My girlfriends and I began seeking serious partners at roughly the same time we took an interest in grilling techniques and making jam. I haven’t asked these ladies about the process that ultimately landed them good men (and women), but I expect their transition was similar to mine. I didn’t wake up one morning, ready to embark on a husband hunt fit for the worst variety of chick-lit. Rather, I began to sense that, like the rare steak, Stilton cheese and butter cookies I missed during the Years of Vegan, relinquishing my stubborn solitude and sharing my days with a partner might be rather tasty. I admitted that I’d snubbed homemaking and settling down like they were signs of being lazy or giving up. And, I admitted that not only was cooking-for-one really fucking lonely, it was ridiculous to sustain solitude simply to make a point. And so, I invited risk and chance to dinner, and on special occasions, I served my own heart.
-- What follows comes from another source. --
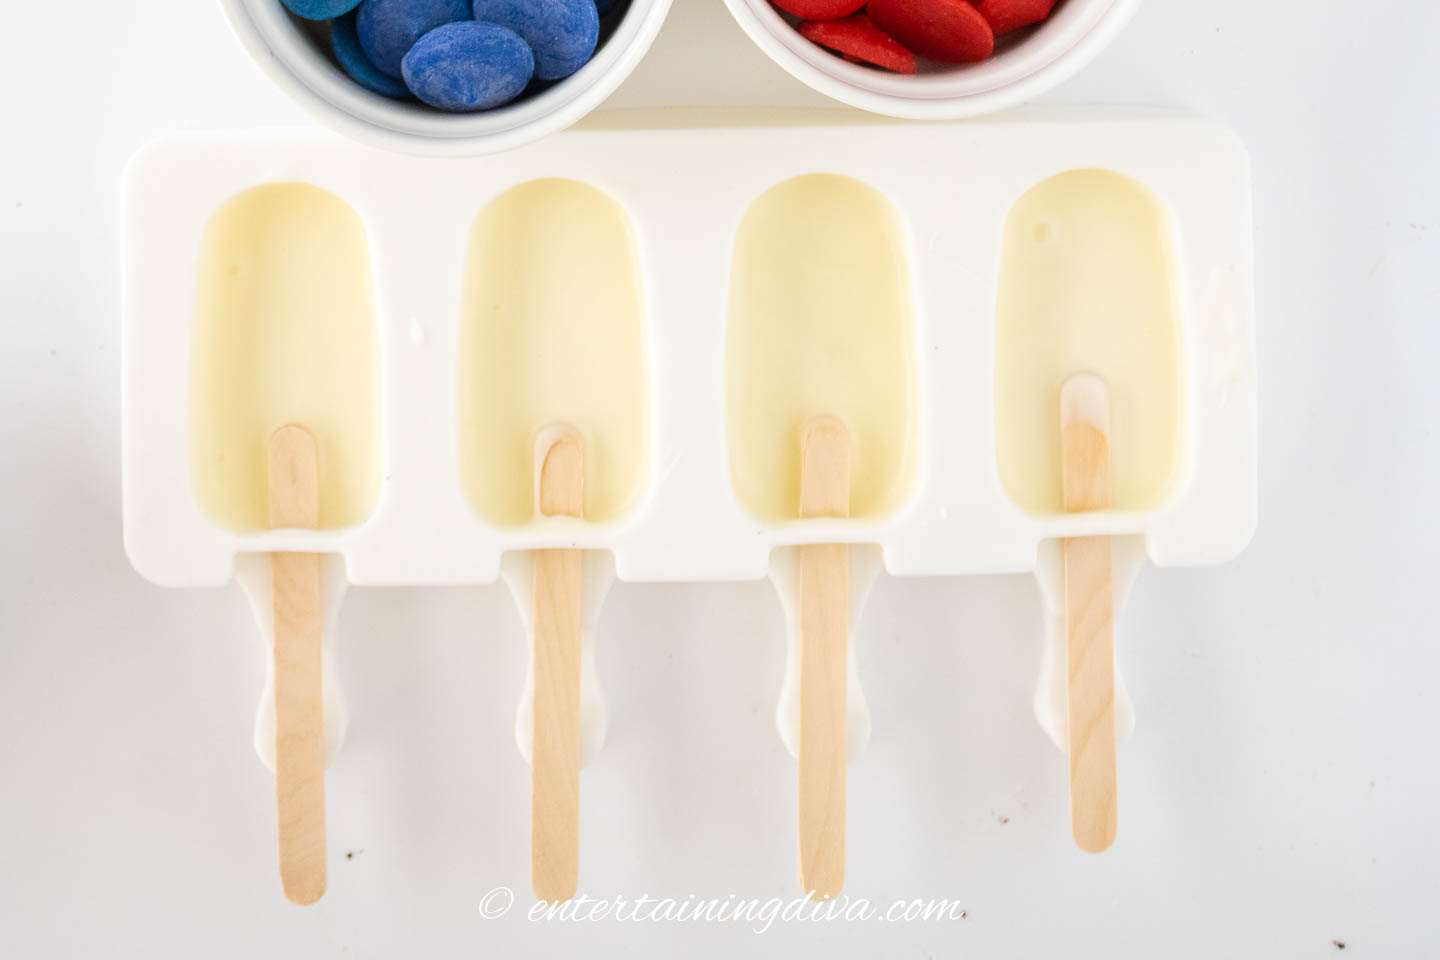 White chocolate in cakesicle molds with popsicle sticks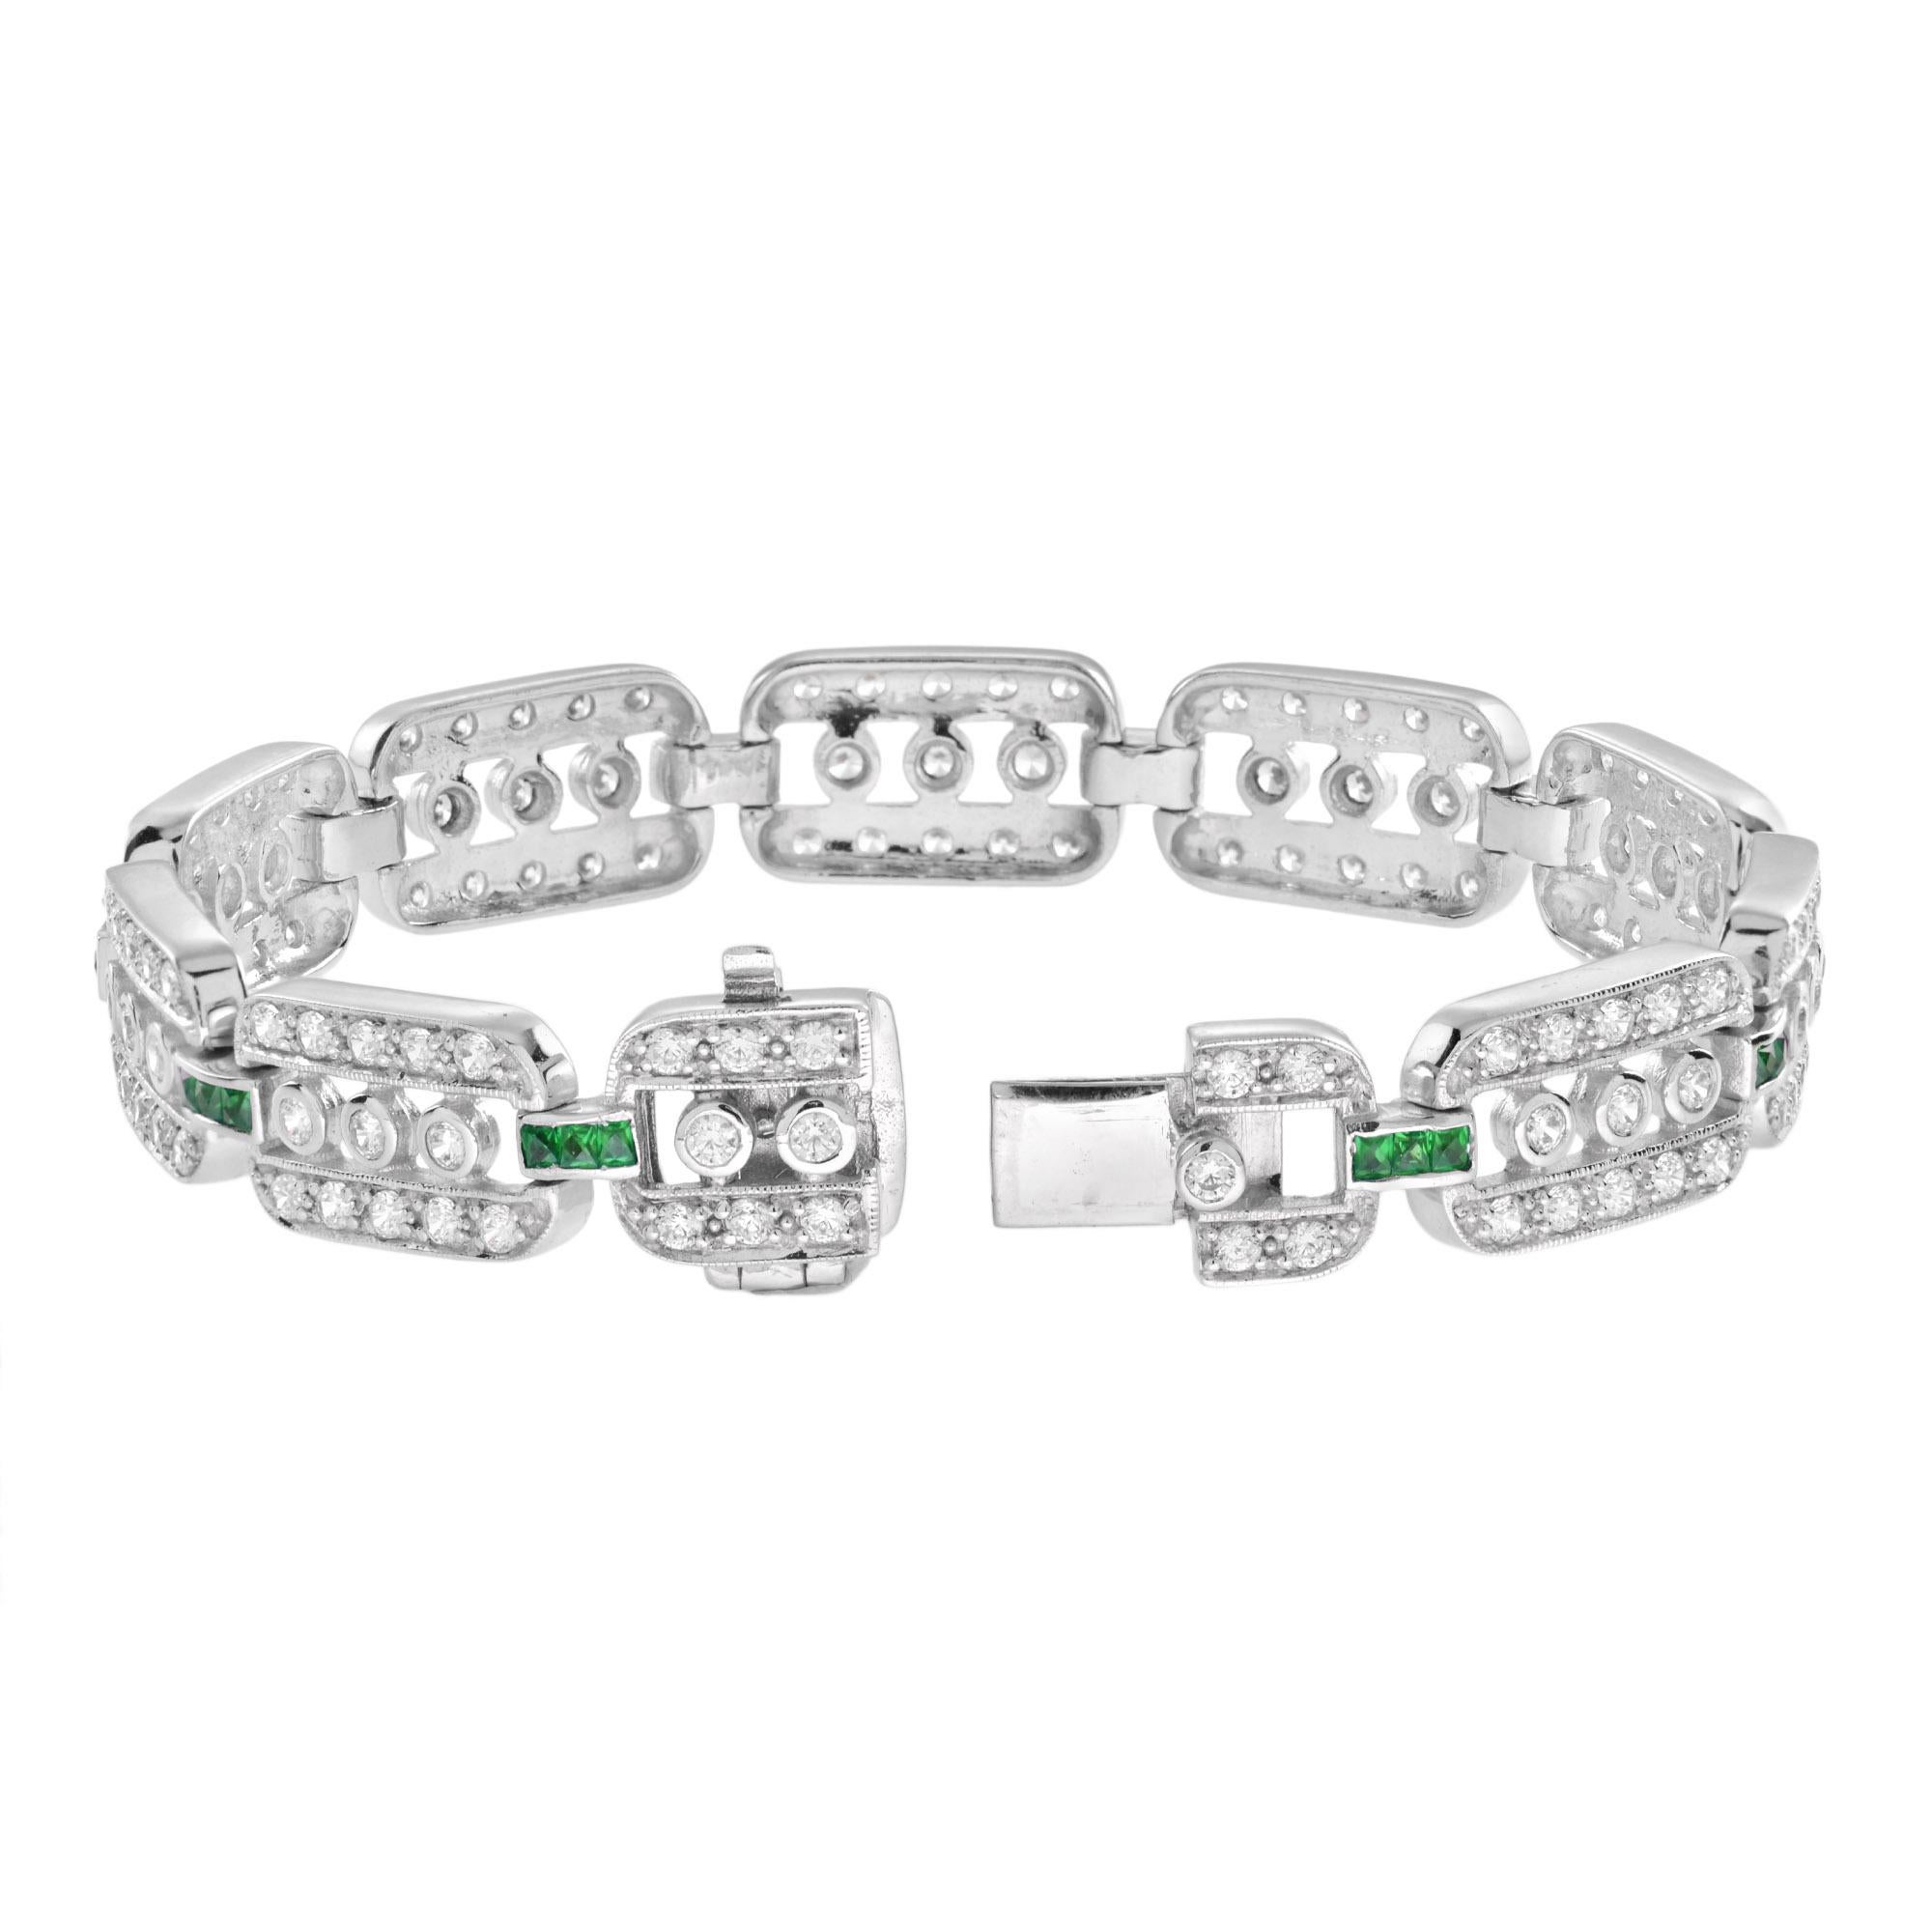 6 Ct. Diamond and Emerald Art Deco Style Link Bracelet in 14K White Gold In New Condition For Sale In Bangkok, TH

There is another pattern here, beyond using food as an emotional decoder. By making things official – deliberately tackling recipes; dating on purpose and with intent; enrolling in a class; writing stories about it all – I have bolstered vulnerabilities and reinforced weak spots that would otherwise feel recklessly unprotected. In January, I begin pastry school, where I will learn the ratio of flour to butter to sugar, the correct method for folding in egg whites, and how to laminate a delicate dough. I will master the foundation for items I already excel at (desserts and treats) and the dinner course my partner and and I rejected in our haste to shuck our clothes. The program is the ghostly legacy of once hot, now lukewarm, soon to be chilly love. Months ago, he paid my tuition, a generous birthday gift, and we joked about the mile-high cakes I would make when our birthdays roll around next year. It’s a wry twist that the table we shared now rests on scorched ground. And, that he has ultimately footed the bill for training me to woo his successor with sweets when someone draws a chair up to take my last love’s place.